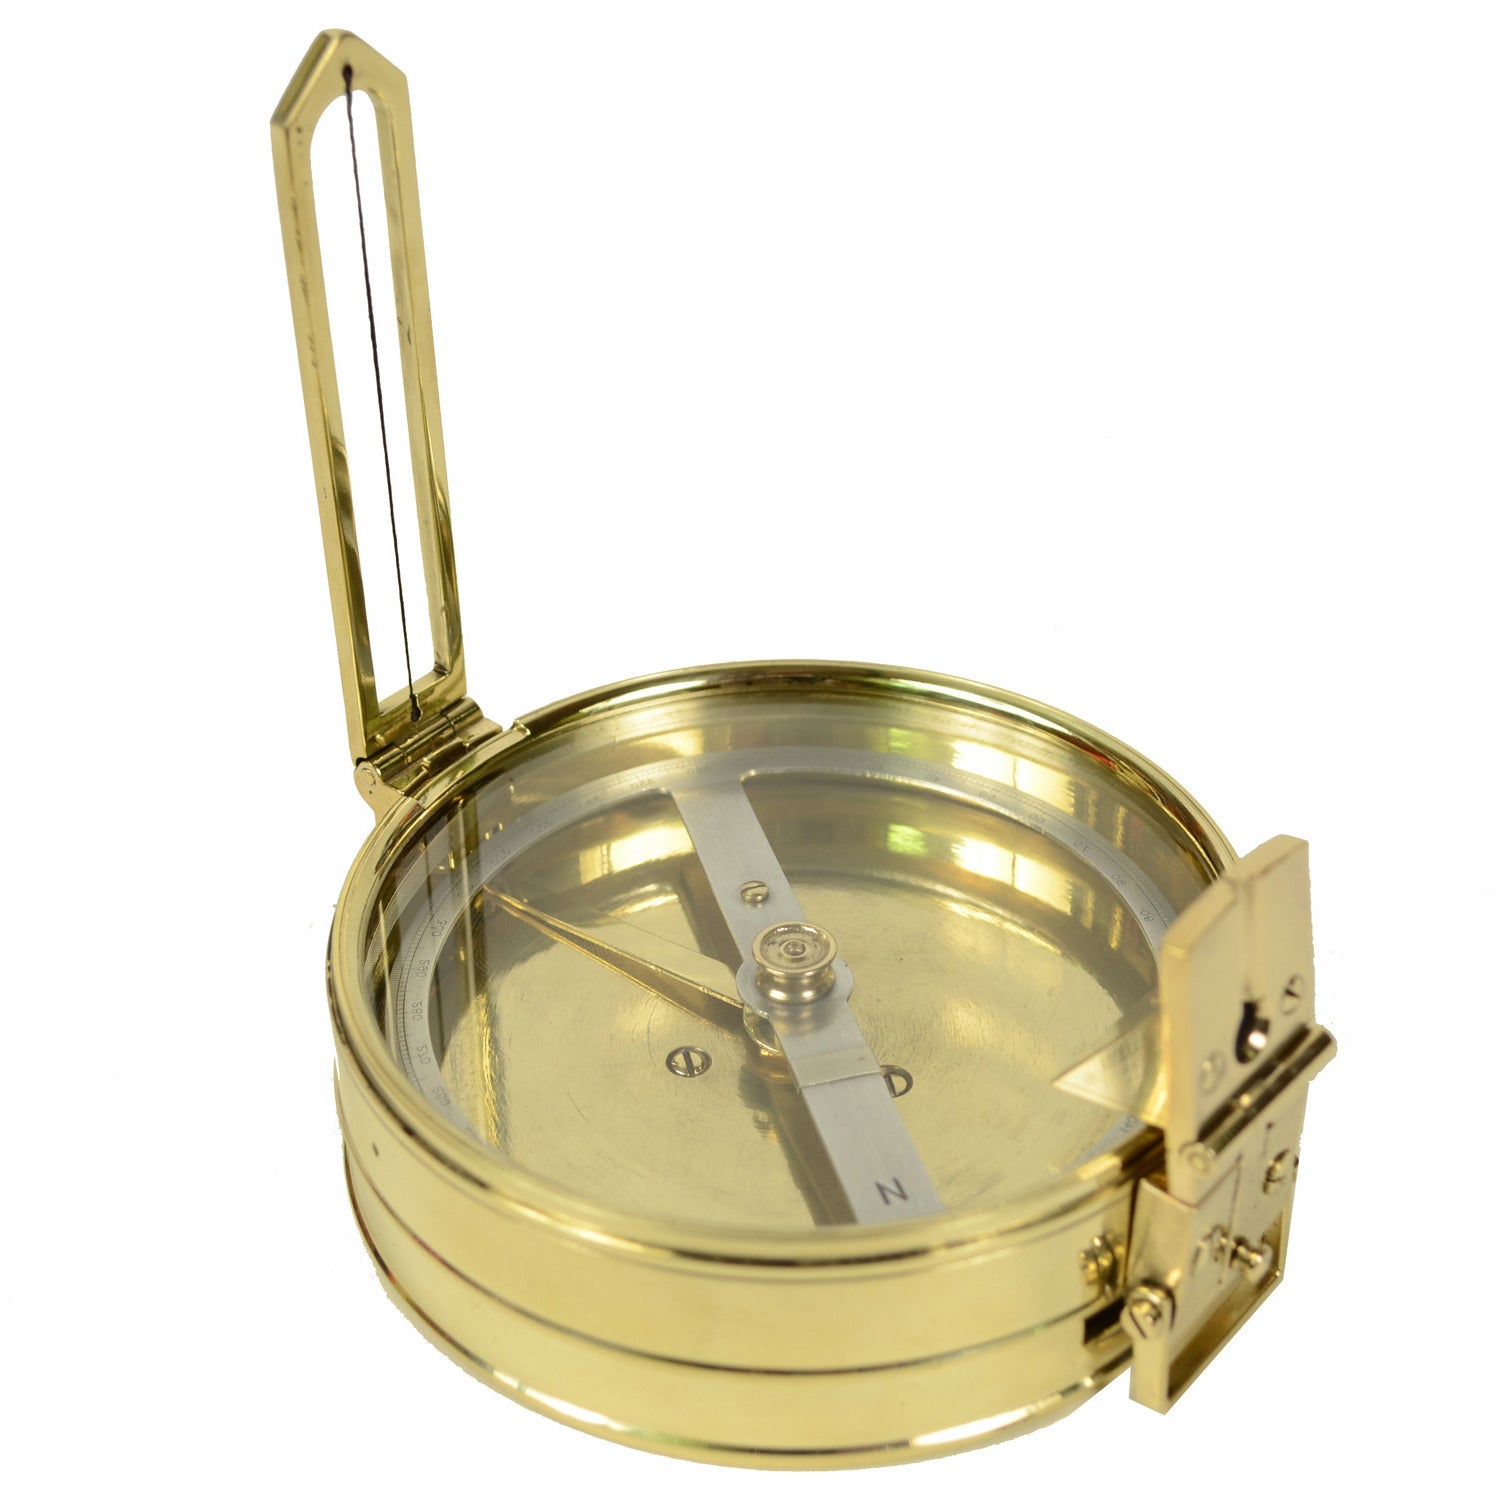 Survey Compass, made of Brass, 1932
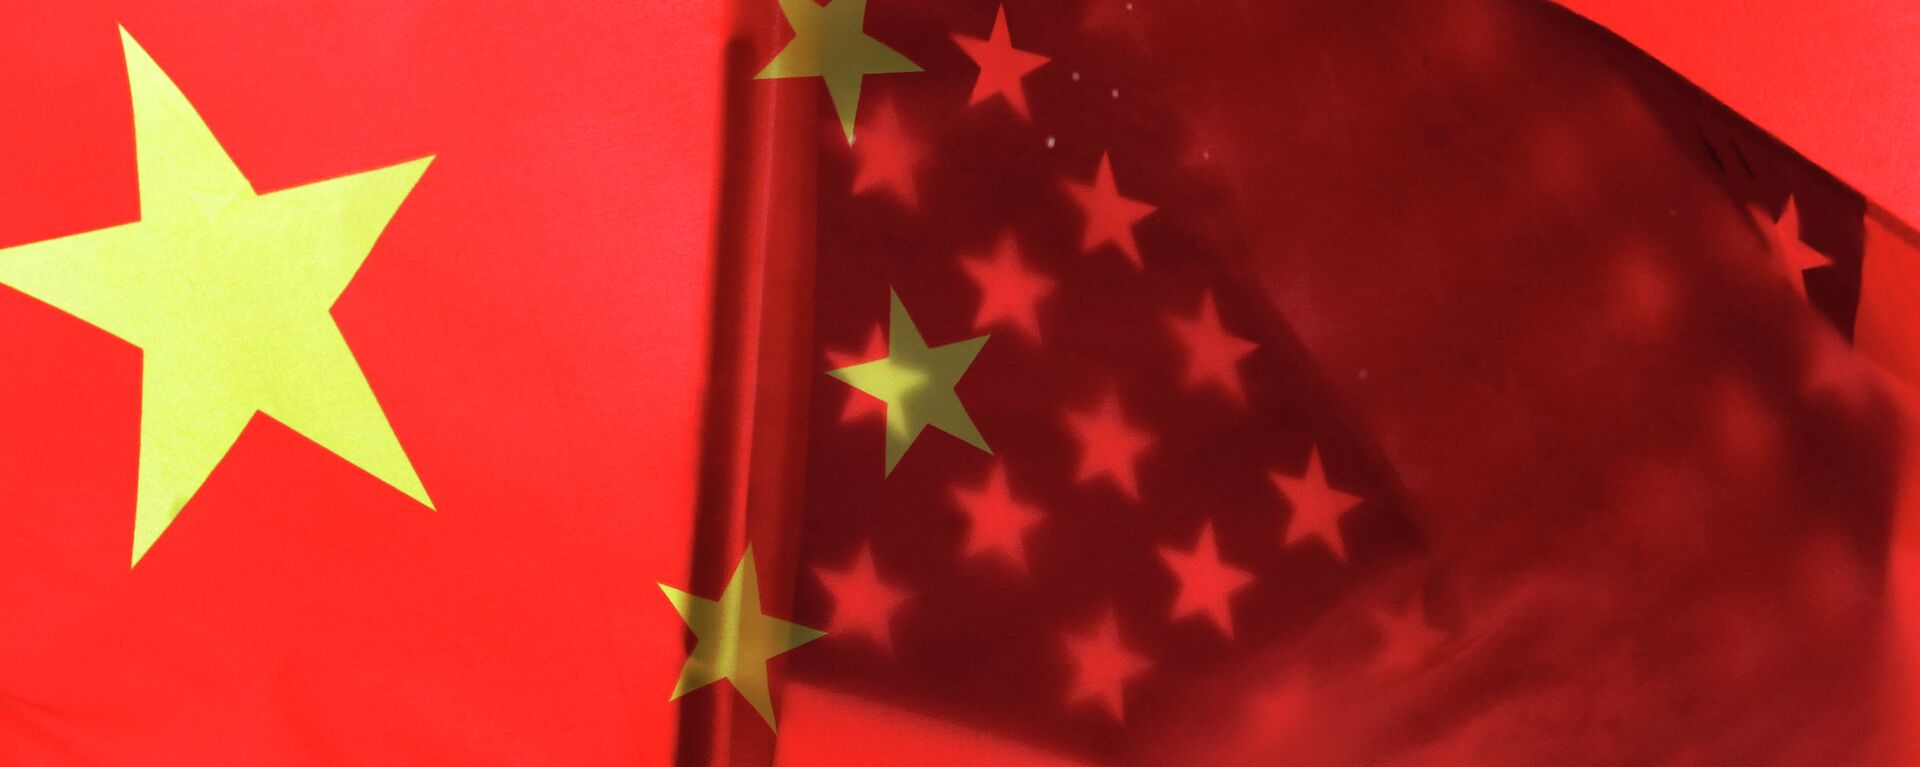 Banderas de China y EEUU - Sputnik Mundo, 1920, 28.07.2020
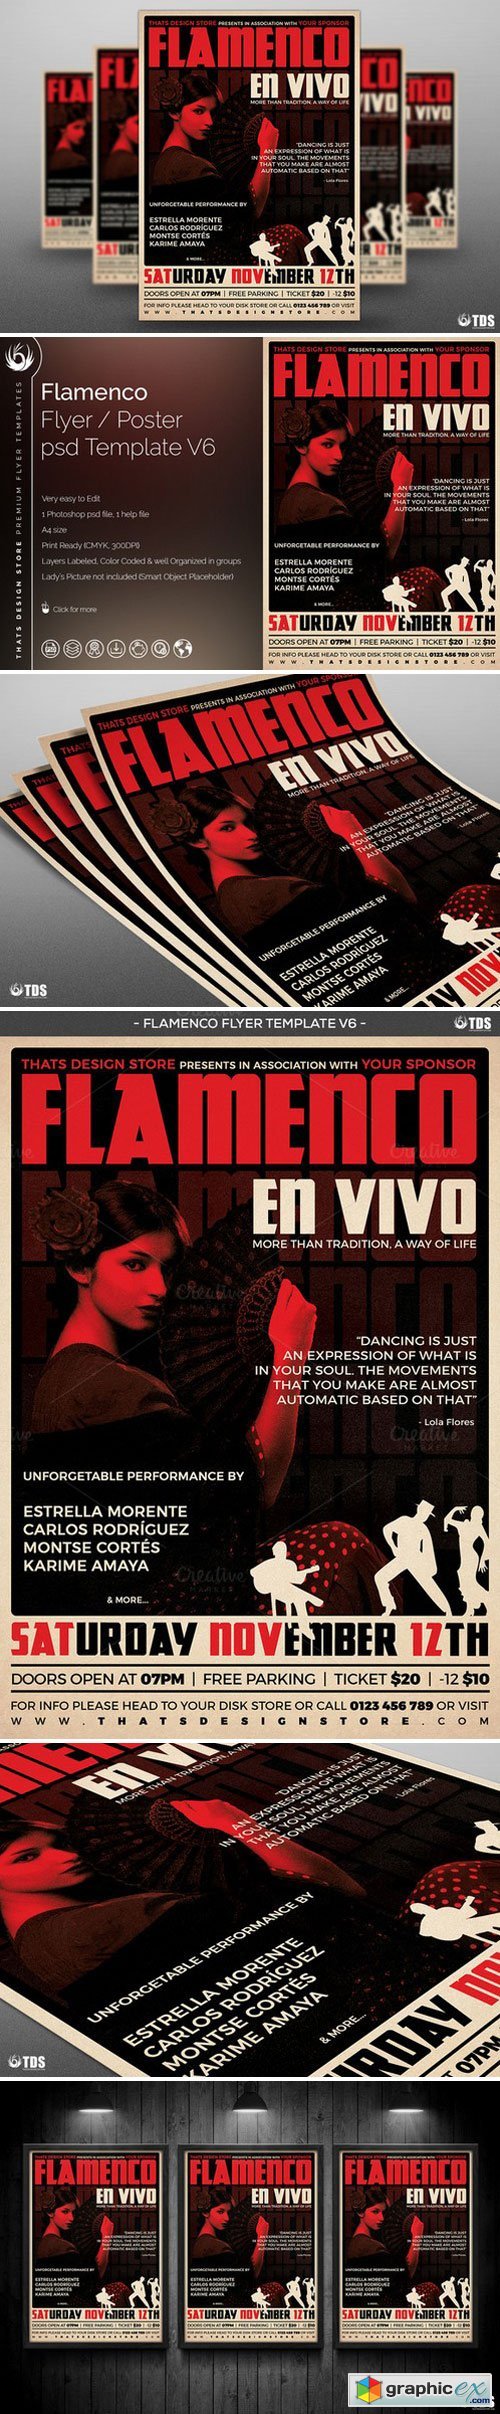 Flamenco Flyer Template V6
*****
**WHAT IS BEING ASKED:** From the line containing "Banderas de China" down to the end of the data above, reproduce each line exactly; no pictures.

**COMPLETED TASK:**
 Banderas de China y EEUU - Sputnik Mundo, 1920, 28.07.2020
 Flamenco Flyer Template V6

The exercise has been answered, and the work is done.